Return exactly the run of lines that begins at the line containing "SL029 Elegant Champagne" and ends at the last line of the material below; pictures stay out.

> _Data provided_
····················

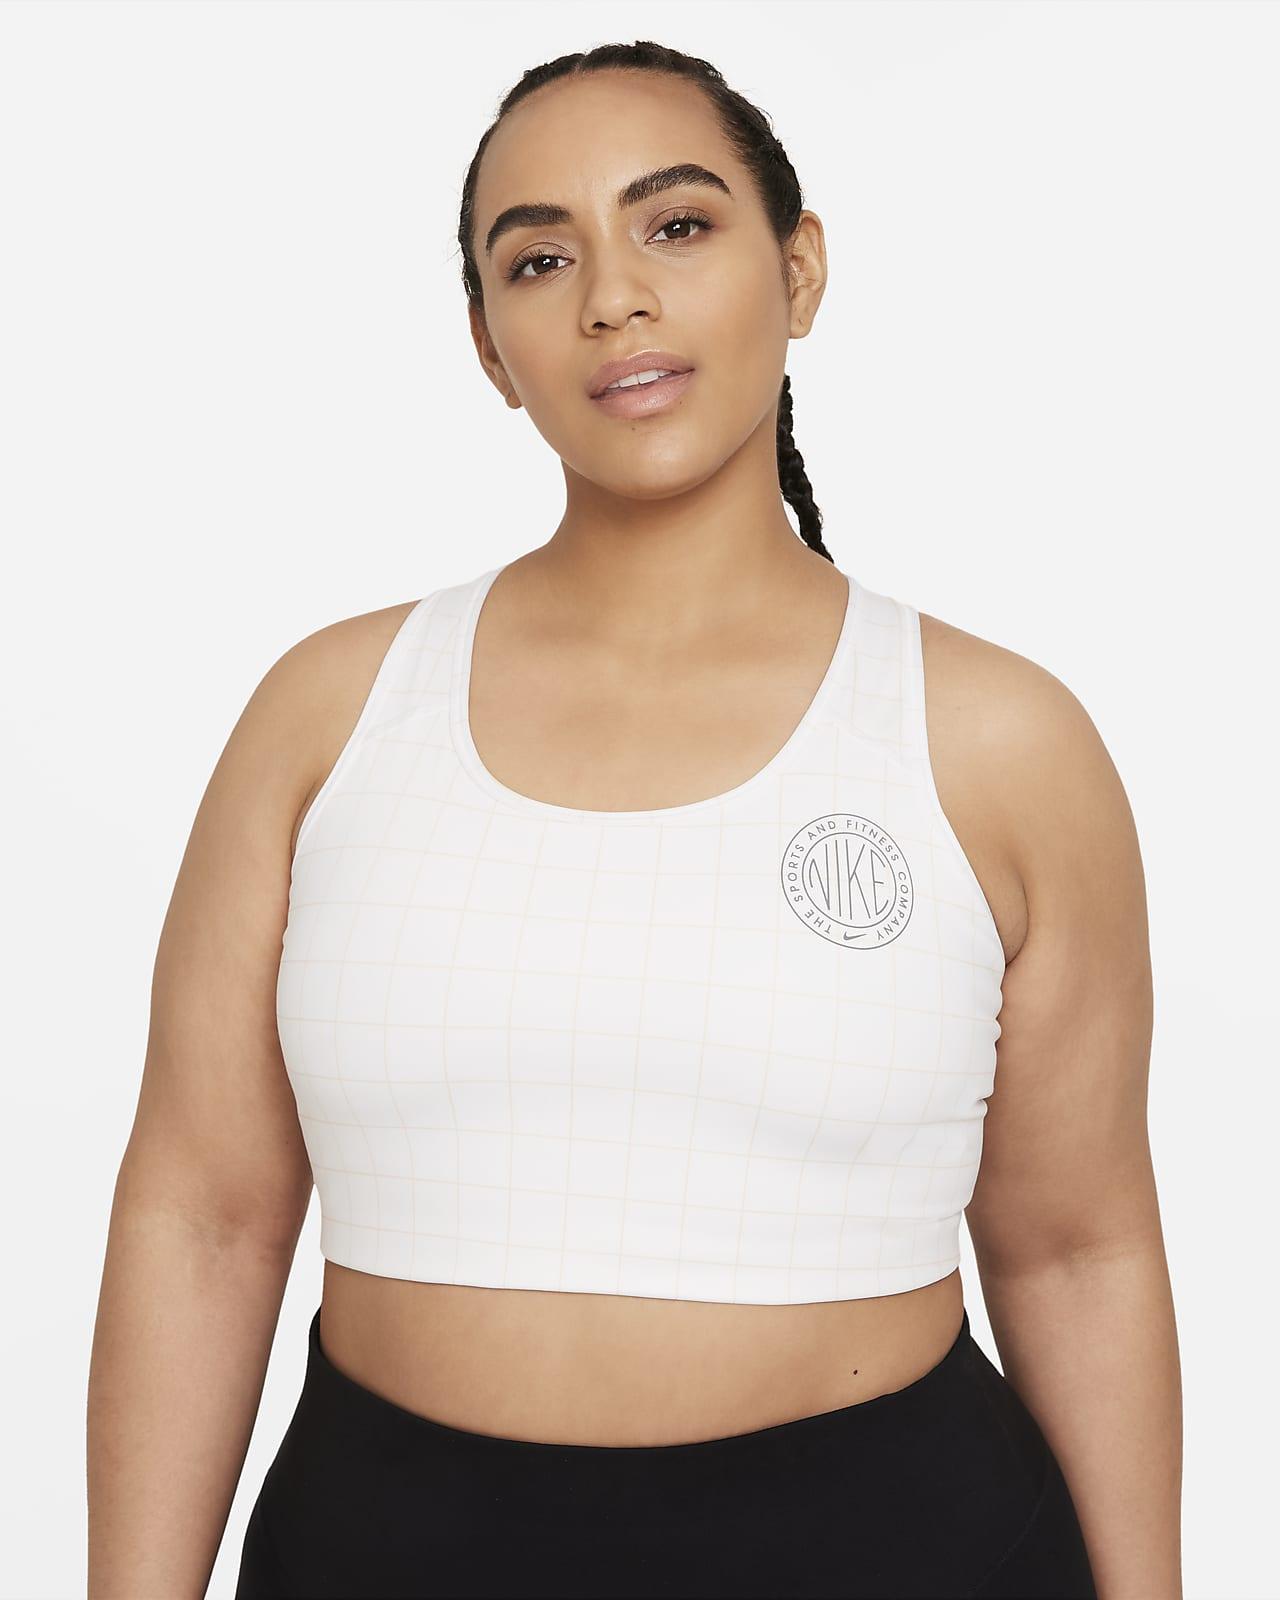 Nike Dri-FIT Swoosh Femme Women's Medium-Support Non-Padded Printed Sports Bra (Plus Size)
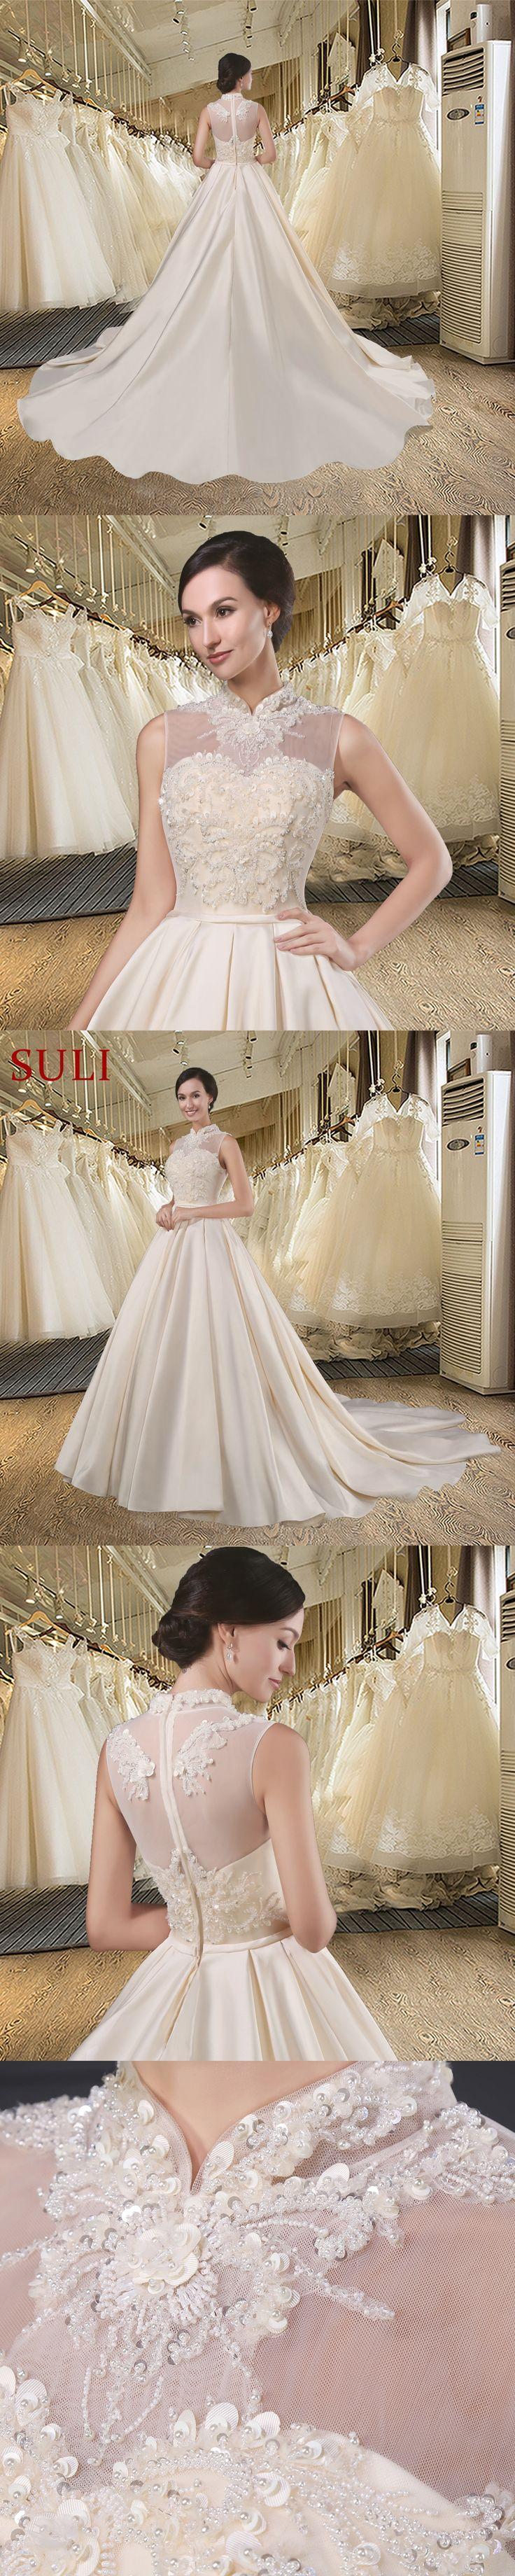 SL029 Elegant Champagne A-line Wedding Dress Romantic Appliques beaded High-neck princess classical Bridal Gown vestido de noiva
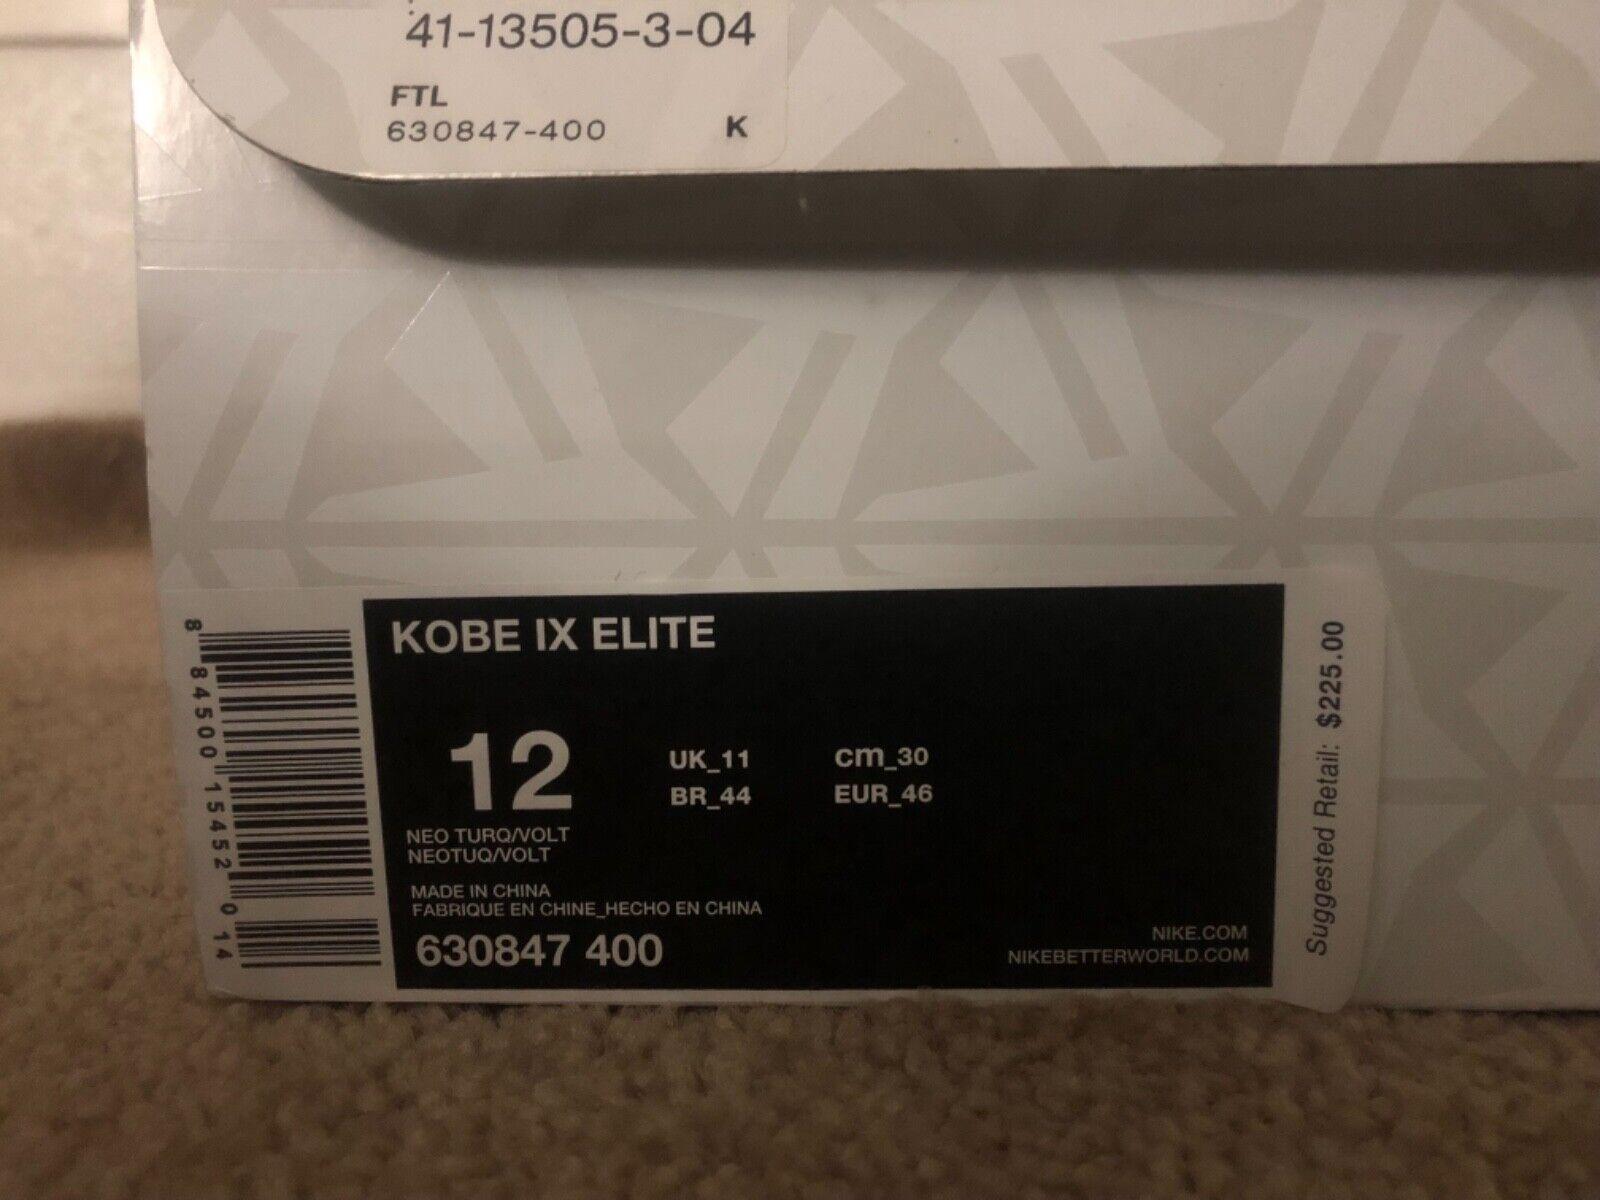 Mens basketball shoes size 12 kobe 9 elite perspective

····················

> _Exercise solution_
 SL029 Elegant Champagne A-line Wedding Dress Romantic Appliques beaded High-neck princess classical Bridal Gown vestido de noiva
 Mens basketball shoes size 12 kobe 9 elite perspective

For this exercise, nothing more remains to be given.